### GIVEN INFORMATION

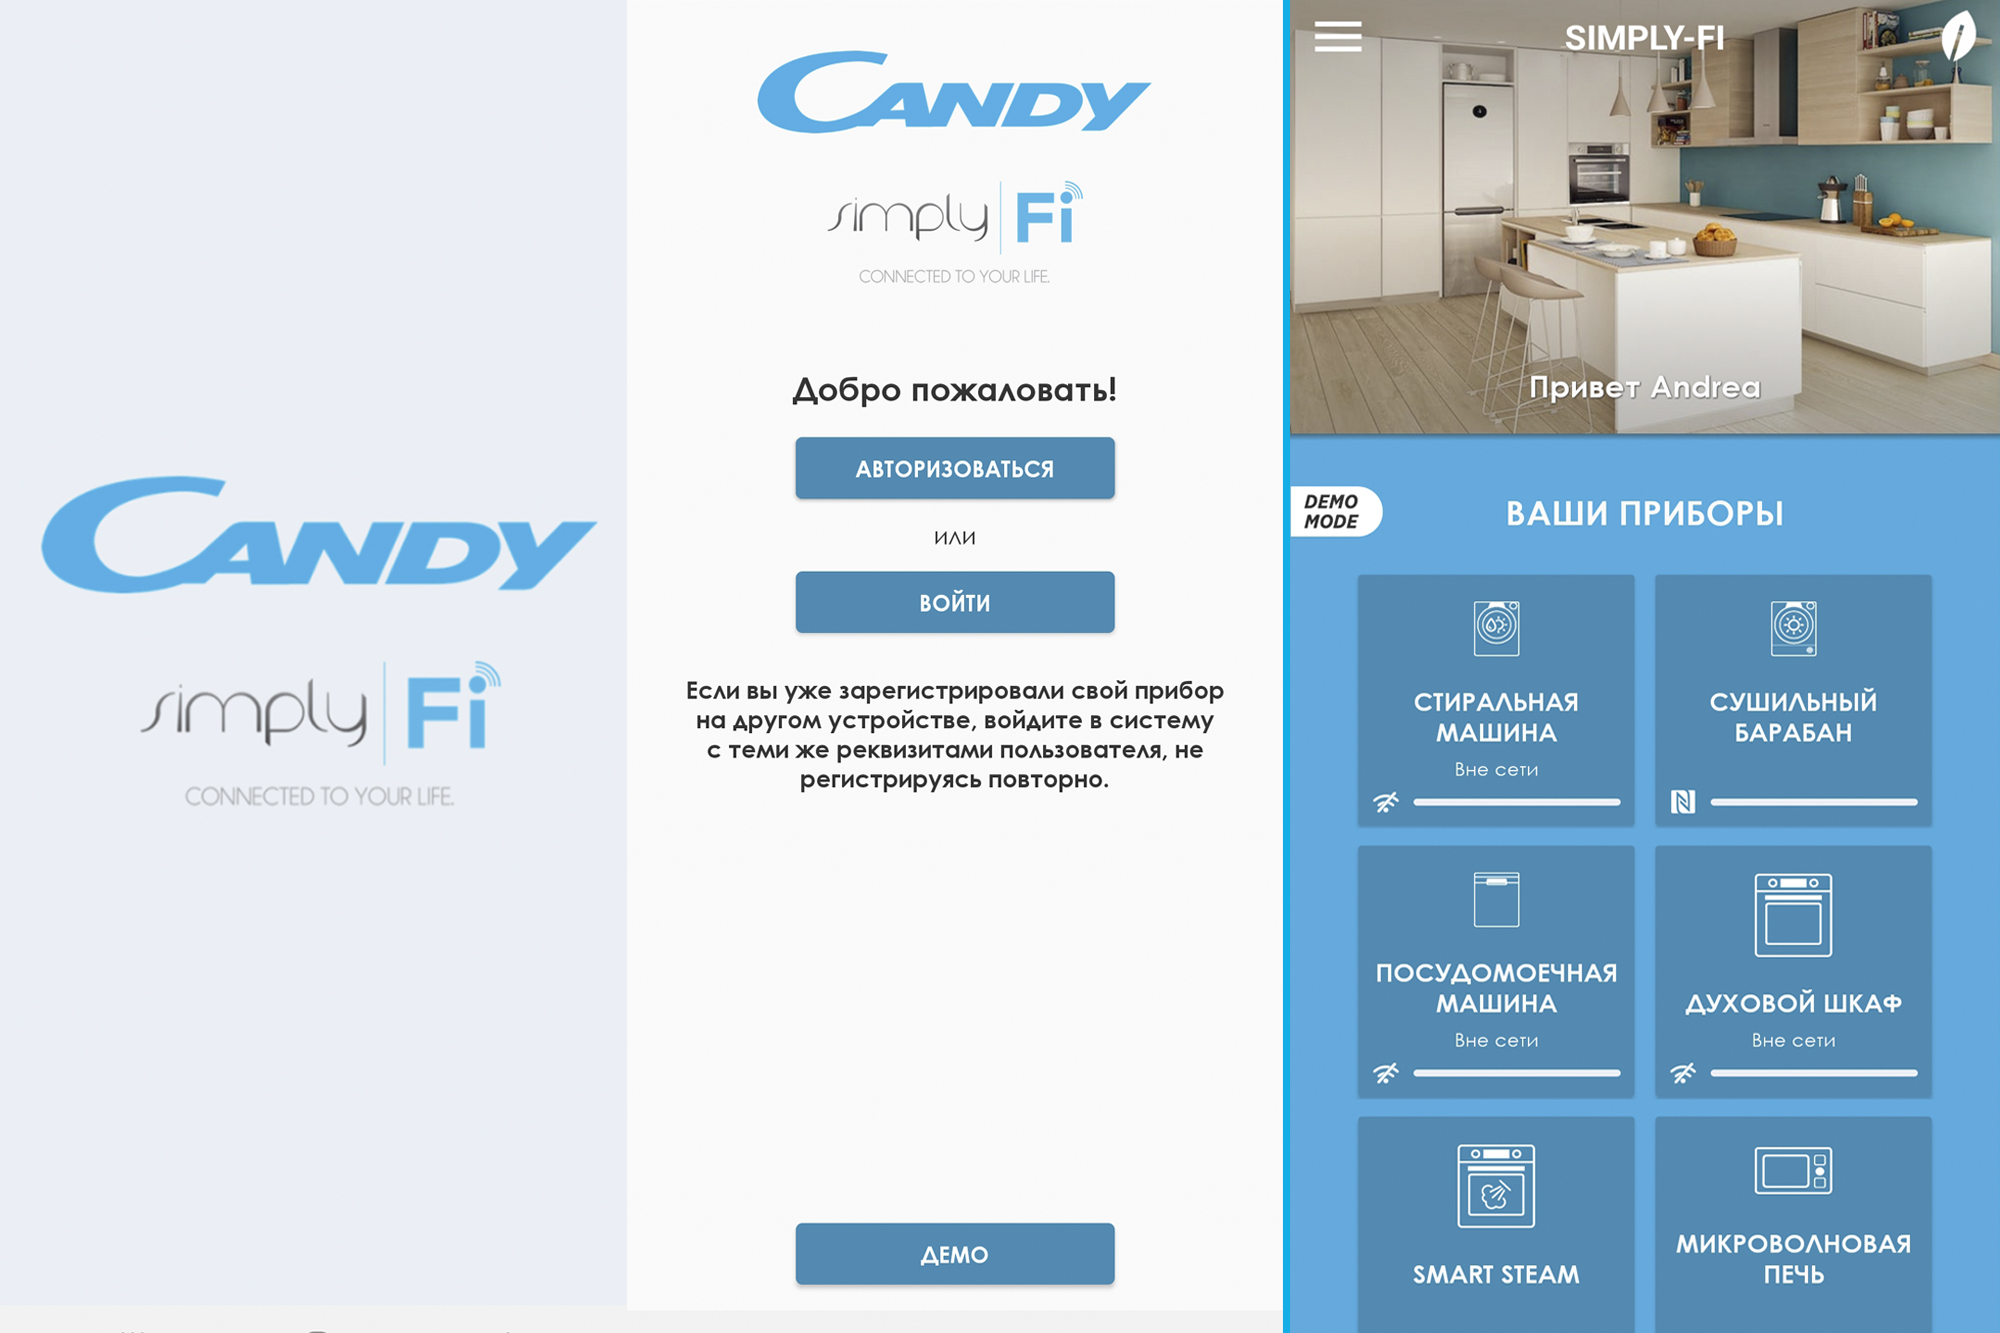 Simply приложение. Candy simply-Fi. Fcne828x WIFI. Candy регистрации в приложении. Candy simply-Fi регистрация.
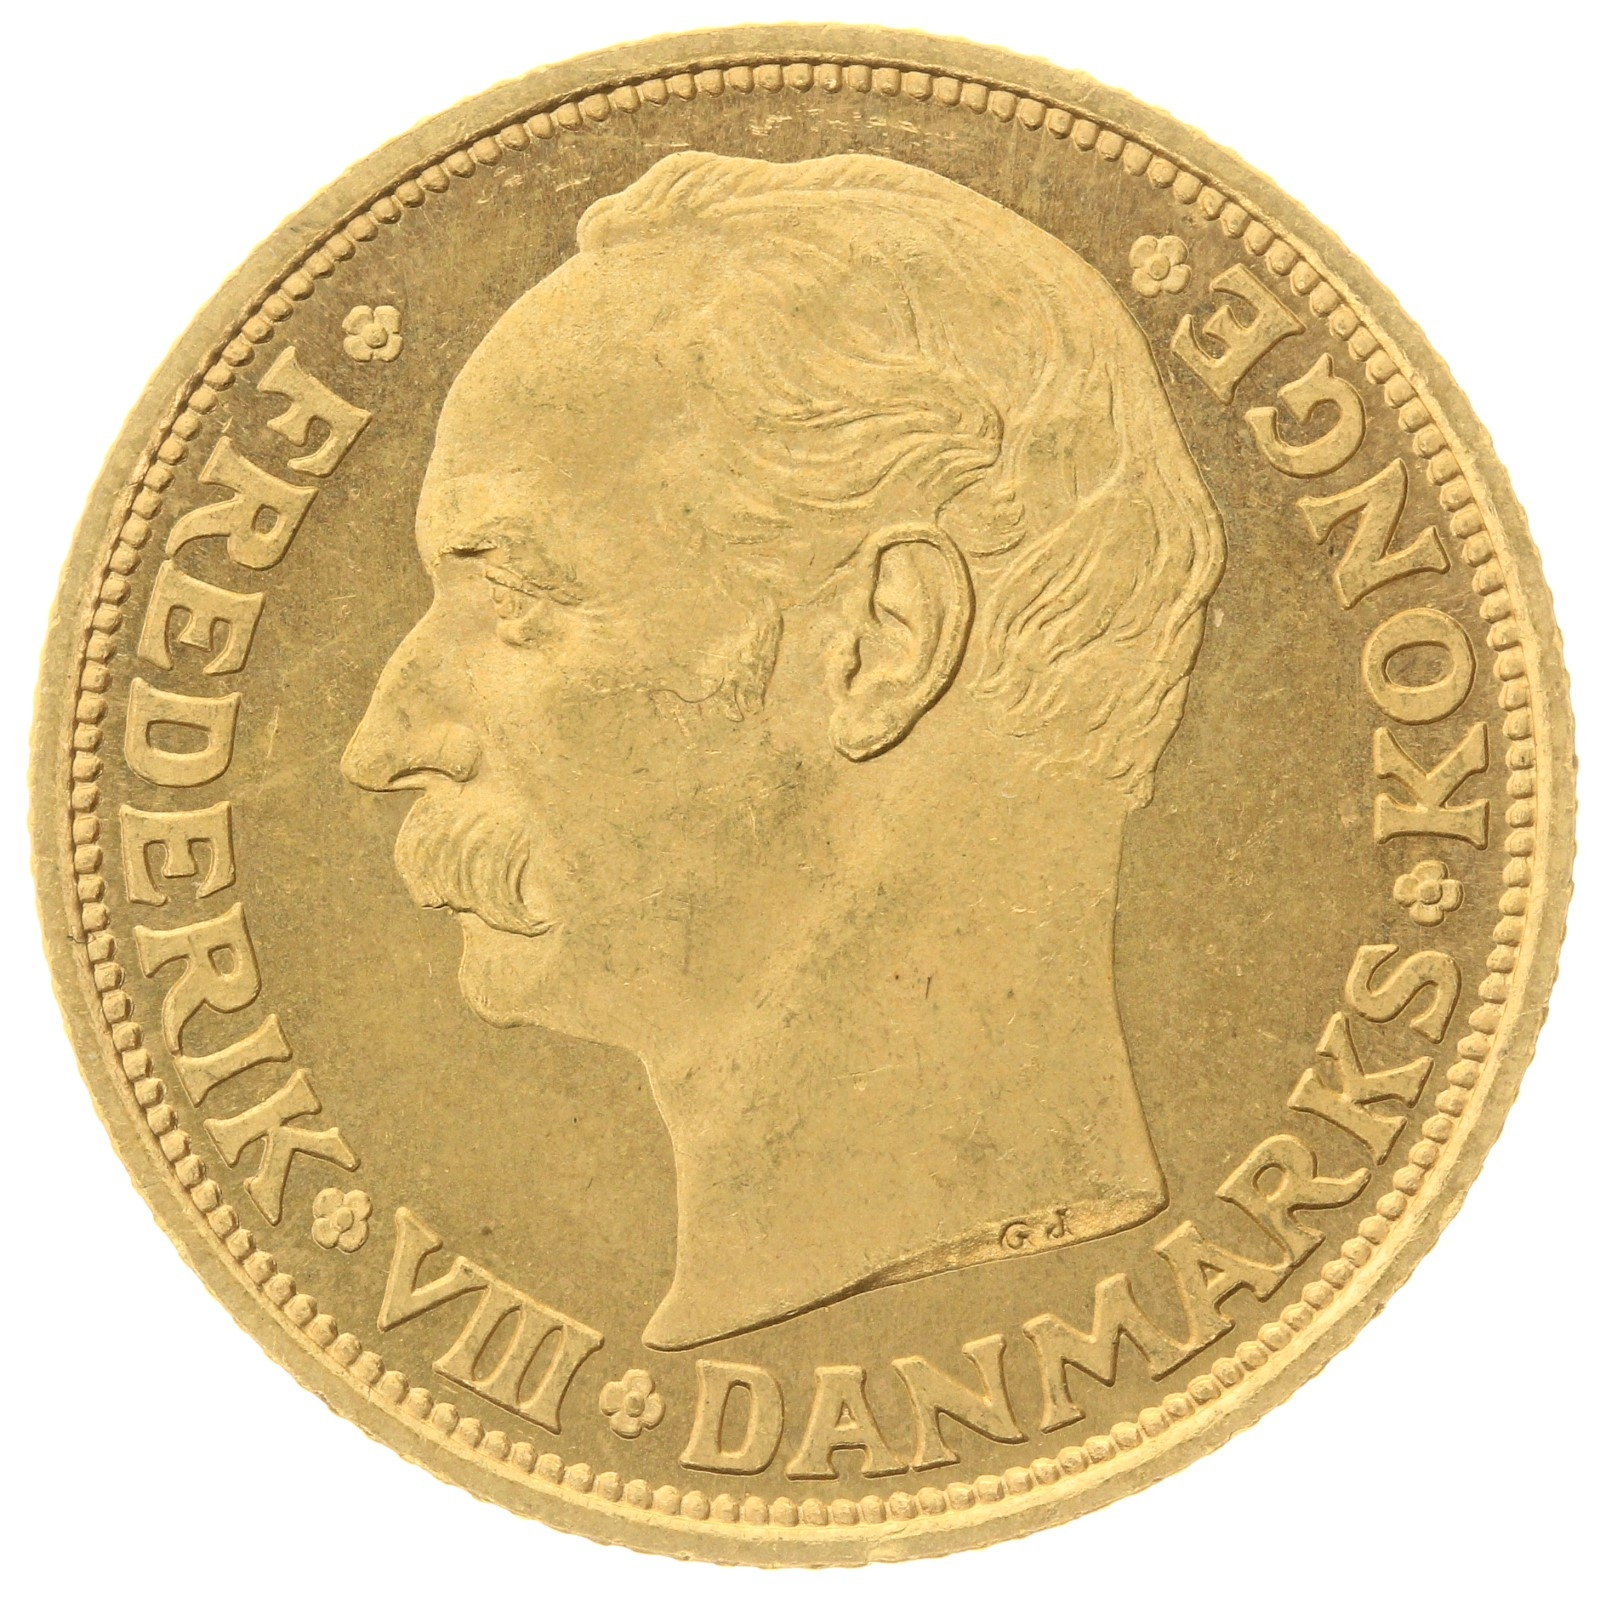 Denmark - 20 kroner - 1911 - Frederik VIII 
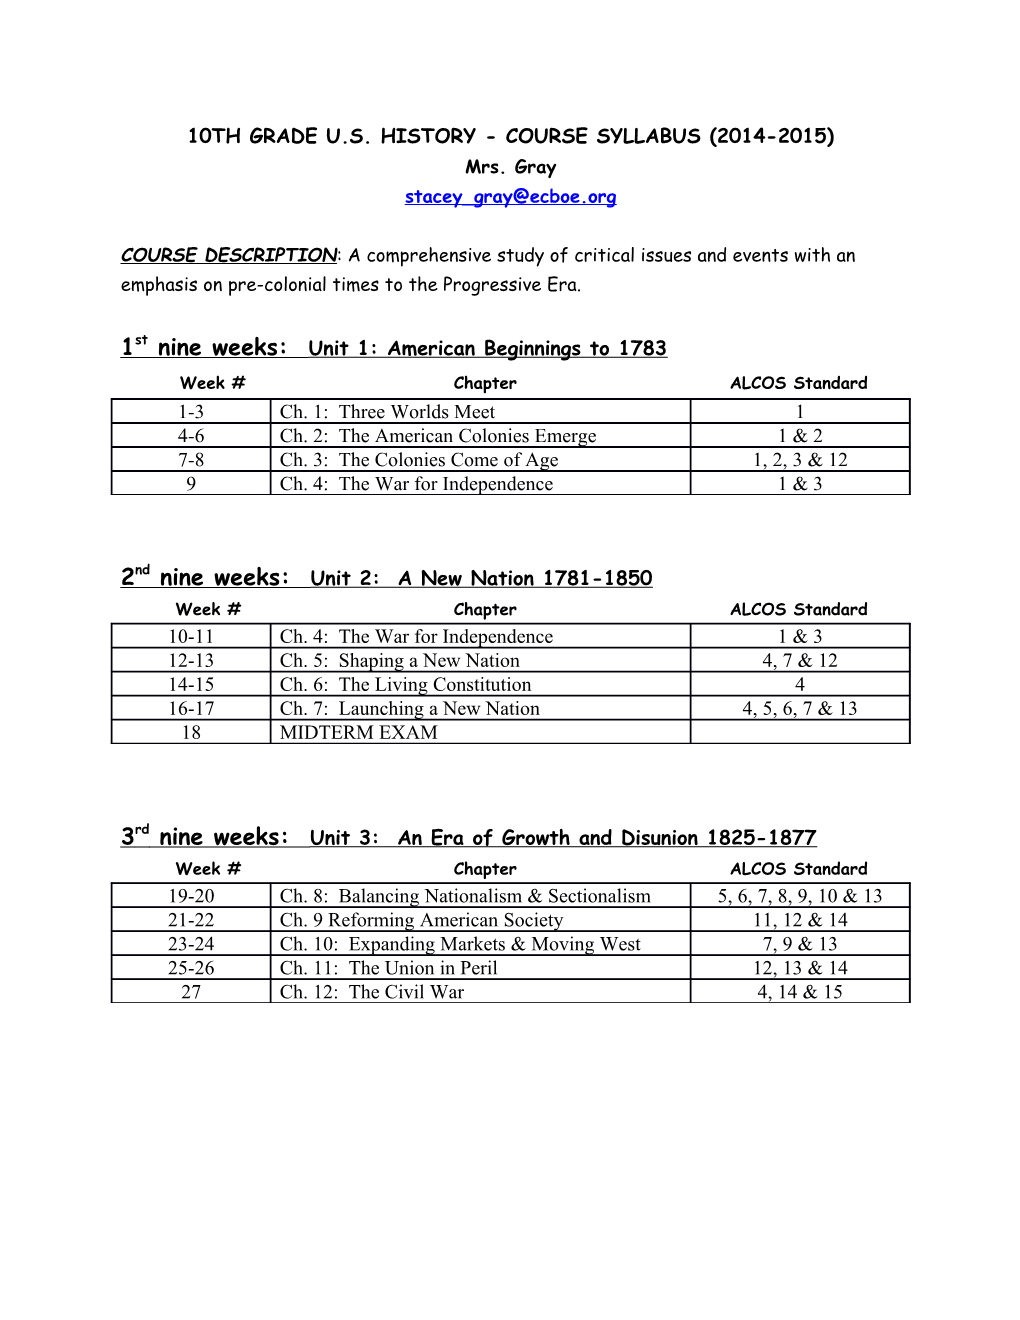 10Th Grade U.S. History - Course Syllabus (2014-2015)

######

■ DIRECTIONS ■
Each line of the material goes into your copy unchanged, but no picture does.

■ OUTPUT ■
 Simply приложение. Candy simply-Fi. Fcne828x WIFI. Candy регистрации в приложении. Candy simply-Fi регистрация.
 Denmark - 20 kroner - 1911 - Frederik VIII 
 10Th Grade U.S. History - Course Syllabus (2014-2015)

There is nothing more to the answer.